Nostalgia: Marlin Camp Carbine

Ugh…zombie dreams last night. Well, sorta zombie dreams. The simplistic zombie movies or shows always have the humans versus the zombies but, realistically, the real danger is from the other humans. This dream sorta followed that line of reasoning.

I dreamt (Dreamed? Dreamt?) I was with a small group of people and we we’re scavenging though abandoned houses. At one point we were in a house and, looking out the window, we could see some rather unsavory types heading towards us. I had a bolt action rifle that took way too long on follow up shots, switched to an M4 which was handy but ran out of ammo, and then finally was down to what appeared to be a Marlin Camp Carbine in .45 with a red dot on it…but only three 7-rd magazines.

Interestingly, in this dream anyway, the pistol caliber carbine with the red dot was the fastest handling gun for the shooting-down-the-hallway-at-bad-guys distances. While the M4 would be almost equally handy, its open sights were slower to utilize than the red dot.

But…it was just a dream. Real world experiences might be different.

But it did make me think about the old Marlin Camp Carbines. The .45 version, which has never suffered from a lack of demand, was a really odd gun. Not accurate enough to be a varmint gun, not high-capacity enough to be a real defensive gun, not cheap enough to be a plinking gun, not powerful enough to be a hunting gun, it was…odd. But…everyone wanted one because it seemed awesome to have a carbine that you could swap mags with your 1911. And that notion is still around today, although you see it far more with Glock pistols than 1911s.

Marlin also offered the gun in 9mm taking S&W mags, but the .45 version was the hands down favorite. The guns were notorious for eating up their recoil buffers and destroying the rather nice stocks that came with the gun. (Straight blowback isn’t always pretty.) Marlin discontinued them in the late 90’s and their prices on the used market have soared.

The Marlin weighed 6.75 pounds ( thats about three kilograms for those of you in countries that never put a man on the moon) which is pretty much what an M4gery weighs. So for the same weight, why wouldn’t you carry the more powerful chambering?
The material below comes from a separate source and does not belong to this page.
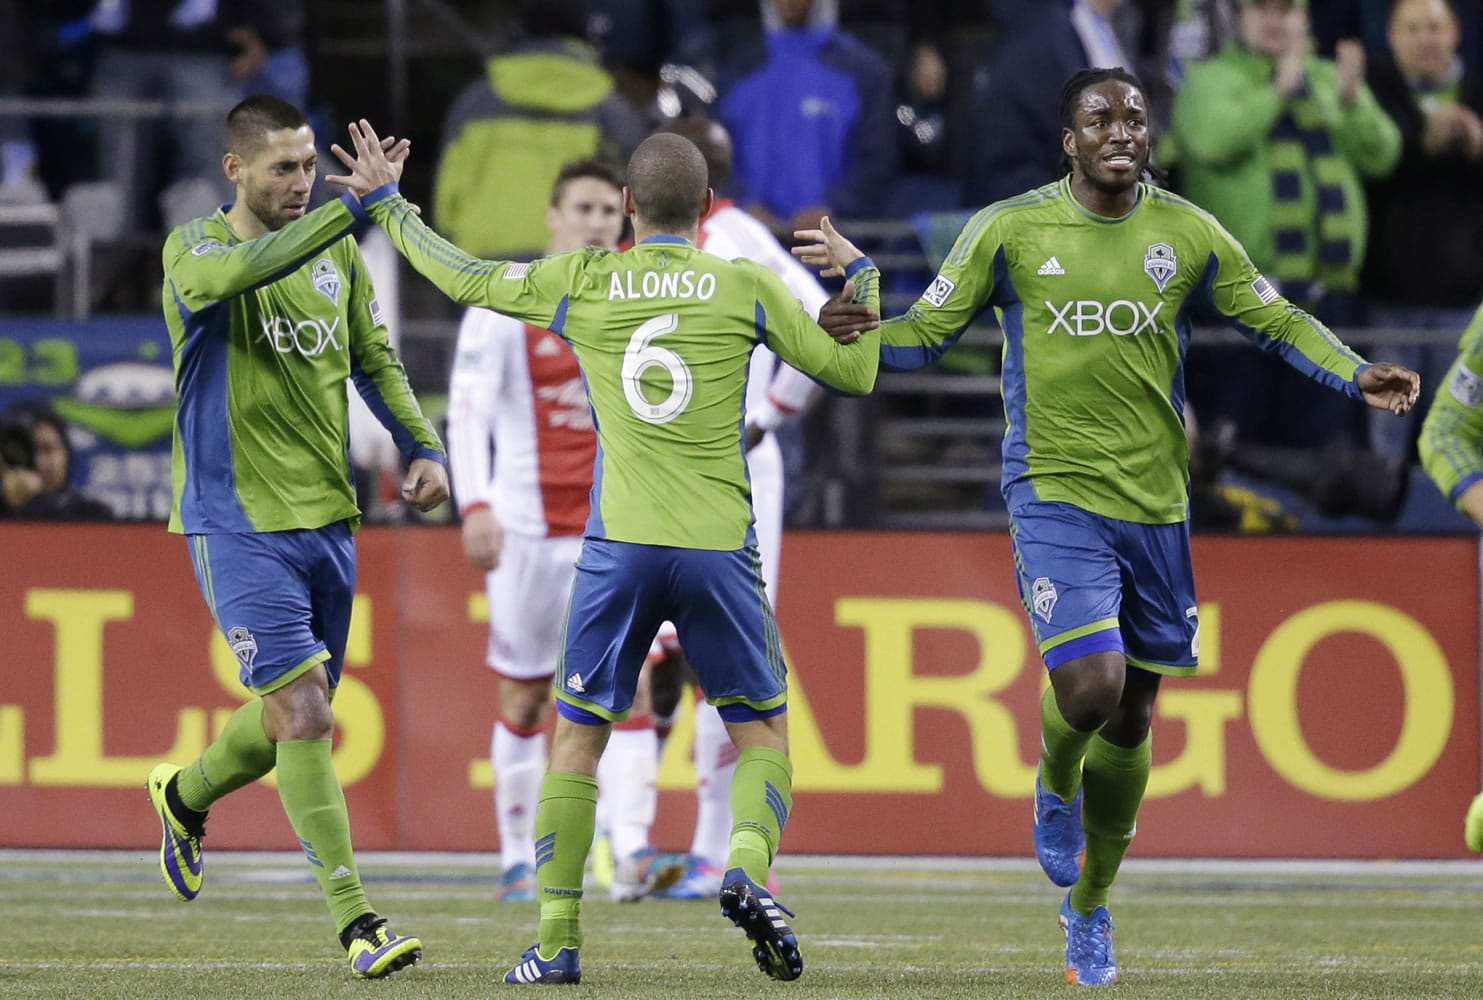 Seattle Sounders' Osvaldo Alonso (6) celebrates scoring with Clint Dempsey, left, and Shalrie Joseph against the Portland Timbers in the second half of the first game of the Western Conference semifinals in the MLS Cup soccer playoffs on Saturday, Nov. 2, 2013, in Seattle. The Timbers won 2-1 in the first of the two-game aggregate playoff series.

For me, it’s logistics. Same ammo, same mags…that streamlines things tremendously. I wouldn’t want to drop into Iraq with a 9mm carbine, but if I had to beat feet through Katrinville with just what I could carry on my back…different story. Id rather have an AK or AR, but if what I can carry in my pack is all I have available…well, its nice that my pistol and carbine can use the same mags and ammo.

Naturally someone will ask “Then why not an AR pistol and an AR carbine? Same mags and ammo!” Because when I have to be discreet I can tuck the Glock into my back pocket or under my shirt and smile nicely at the giuys manning the roadblock…nothing to see here. Thats alot harder to do with a an AR pistol hanging from a single point sling swinging around under your jacket.

I miss the Marlin Camp Carbines a bit. No one has really come out with a 1911-magazine compatible carbine since then. (Yeah, there’s that MechTech thingy that lets you use your 1911 frame to make a carbine….not the same thing.) It’d be nice if Ruger would do something along those lines but I suspect the money would be in making their PC Carbine/Charger in .45 but taking Glock .45 mags.

The last Marlin Camp Carbine I came across was $200 and that was about twenty some-odd years ago. Lucky. Nowadays they go well north of $1000. If you break some parts, good luck. Replacement recoil buffers are available aftermarket, but thats about it for spare parts. Ruger has absolutely no incentive to dust off the tooling, if it still exists, and bring these things back but it sure would be cool if they did.